Brief
Starting at the line that holds "Nhiều khu đô" and stopping at the line that holds "Гречишный Мёд натуральный", restate the records below word for word, with both of those lines included.

▼

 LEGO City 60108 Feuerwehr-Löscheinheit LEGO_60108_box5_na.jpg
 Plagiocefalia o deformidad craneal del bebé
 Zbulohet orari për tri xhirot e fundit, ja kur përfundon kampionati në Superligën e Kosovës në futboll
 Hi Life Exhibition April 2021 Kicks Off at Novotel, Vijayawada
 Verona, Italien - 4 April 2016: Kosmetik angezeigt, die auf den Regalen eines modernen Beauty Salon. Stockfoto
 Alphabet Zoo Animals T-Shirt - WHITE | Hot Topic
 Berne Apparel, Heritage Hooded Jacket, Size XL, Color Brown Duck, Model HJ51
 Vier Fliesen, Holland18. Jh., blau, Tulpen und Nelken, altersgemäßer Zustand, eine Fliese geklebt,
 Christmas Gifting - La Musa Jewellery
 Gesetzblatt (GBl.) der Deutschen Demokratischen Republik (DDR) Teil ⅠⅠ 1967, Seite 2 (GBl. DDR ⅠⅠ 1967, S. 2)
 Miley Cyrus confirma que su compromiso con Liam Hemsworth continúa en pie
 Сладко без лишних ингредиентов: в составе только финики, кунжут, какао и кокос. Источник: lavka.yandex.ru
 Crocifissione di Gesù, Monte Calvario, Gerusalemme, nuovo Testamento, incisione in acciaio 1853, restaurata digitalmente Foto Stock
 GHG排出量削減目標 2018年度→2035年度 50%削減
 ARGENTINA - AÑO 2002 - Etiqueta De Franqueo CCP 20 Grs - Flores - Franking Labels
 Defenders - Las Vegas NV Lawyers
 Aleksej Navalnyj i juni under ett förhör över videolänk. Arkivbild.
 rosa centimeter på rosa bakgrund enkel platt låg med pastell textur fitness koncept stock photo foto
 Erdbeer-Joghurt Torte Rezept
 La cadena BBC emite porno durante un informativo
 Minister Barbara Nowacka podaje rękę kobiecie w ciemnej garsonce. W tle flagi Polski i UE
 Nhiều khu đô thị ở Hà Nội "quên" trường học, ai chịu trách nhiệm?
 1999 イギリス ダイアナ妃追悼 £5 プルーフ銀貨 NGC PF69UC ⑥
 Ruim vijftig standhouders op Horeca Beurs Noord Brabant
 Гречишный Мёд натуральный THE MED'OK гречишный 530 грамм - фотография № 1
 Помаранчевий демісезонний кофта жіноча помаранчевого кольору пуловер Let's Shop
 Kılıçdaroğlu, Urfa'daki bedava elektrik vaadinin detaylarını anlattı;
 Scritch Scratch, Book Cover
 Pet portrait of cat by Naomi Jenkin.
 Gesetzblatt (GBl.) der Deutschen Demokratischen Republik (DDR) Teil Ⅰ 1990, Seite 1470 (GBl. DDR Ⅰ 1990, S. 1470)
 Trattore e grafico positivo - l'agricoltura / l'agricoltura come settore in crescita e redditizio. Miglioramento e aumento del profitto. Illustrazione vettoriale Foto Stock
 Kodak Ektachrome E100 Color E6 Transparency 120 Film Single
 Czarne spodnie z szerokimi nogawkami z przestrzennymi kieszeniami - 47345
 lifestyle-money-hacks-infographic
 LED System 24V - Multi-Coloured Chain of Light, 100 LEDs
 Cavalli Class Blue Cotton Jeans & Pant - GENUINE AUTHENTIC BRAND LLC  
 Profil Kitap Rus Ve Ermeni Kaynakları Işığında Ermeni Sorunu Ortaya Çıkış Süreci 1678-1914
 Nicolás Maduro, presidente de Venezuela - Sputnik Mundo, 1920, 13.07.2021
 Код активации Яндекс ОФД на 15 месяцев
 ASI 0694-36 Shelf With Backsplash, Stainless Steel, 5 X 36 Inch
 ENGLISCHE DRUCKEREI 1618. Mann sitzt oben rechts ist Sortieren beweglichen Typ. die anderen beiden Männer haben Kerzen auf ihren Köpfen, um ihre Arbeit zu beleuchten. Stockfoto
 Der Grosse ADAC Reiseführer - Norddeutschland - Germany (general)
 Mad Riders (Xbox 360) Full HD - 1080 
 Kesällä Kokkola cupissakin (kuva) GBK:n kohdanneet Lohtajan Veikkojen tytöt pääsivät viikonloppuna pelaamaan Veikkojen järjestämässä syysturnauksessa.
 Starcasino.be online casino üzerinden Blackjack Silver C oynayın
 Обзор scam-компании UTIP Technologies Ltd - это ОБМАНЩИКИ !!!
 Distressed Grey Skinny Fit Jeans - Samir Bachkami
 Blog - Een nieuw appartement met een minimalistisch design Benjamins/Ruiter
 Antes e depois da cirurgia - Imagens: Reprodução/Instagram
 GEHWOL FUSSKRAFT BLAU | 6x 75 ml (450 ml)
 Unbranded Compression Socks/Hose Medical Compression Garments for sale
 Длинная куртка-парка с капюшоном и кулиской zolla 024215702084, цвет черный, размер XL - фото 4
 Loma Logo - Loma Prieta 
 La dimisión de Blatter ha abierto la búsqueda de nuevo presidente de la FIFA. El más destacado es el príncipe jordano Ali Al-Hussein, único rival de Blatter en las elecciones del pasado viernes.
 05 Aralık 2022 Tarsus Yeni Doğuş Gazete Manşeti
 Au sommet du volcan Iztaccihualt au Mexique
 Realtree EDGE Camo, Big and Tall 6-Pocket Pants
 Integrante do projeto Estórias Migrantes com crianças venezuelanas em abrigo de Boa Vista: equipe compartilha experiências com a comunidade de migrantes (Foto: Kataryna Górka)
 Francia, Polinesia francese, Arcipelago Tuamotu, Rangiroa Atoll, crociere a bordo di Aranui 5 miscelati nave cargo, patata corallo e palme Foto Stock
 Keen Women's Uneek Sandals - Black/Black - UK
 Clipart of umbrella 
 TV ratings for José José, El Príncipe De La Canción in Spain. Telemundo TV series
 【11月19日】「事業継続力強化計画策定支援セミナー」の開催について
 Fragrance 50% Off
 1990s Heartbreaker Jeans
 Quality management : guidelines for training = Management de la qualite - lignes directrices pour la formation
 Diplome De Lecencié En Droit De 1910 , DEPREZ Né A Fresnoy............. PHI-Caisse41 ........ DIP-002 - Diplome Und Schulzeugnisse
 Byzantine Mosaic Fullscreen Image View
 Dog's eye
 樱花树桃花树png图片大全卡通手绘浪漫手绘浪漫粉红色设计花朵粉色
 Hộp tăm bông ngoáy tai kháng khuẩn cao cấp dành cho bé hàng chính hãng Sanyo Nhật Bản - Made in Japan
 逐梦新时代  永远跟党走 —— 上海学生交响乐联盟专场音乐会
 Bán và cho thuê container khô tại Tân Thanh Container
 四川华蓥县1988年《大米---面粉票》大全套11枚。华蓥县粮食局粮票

▲

Worked solution
 Nhiều khu đô thị ở Hà Nội "quên" trường học, ai chịu trách nhiệm?
 1999 イギリス ダイアナ妃追悼 £5 プルーフ銀貨 NGC PF69UC ⑥
 Ruim vijftig standhouders op Horeca Beurs Noord Brabant
 Гречишный Мёд натуральный THE MED'OK гречишный 530 грамм - фотография № 1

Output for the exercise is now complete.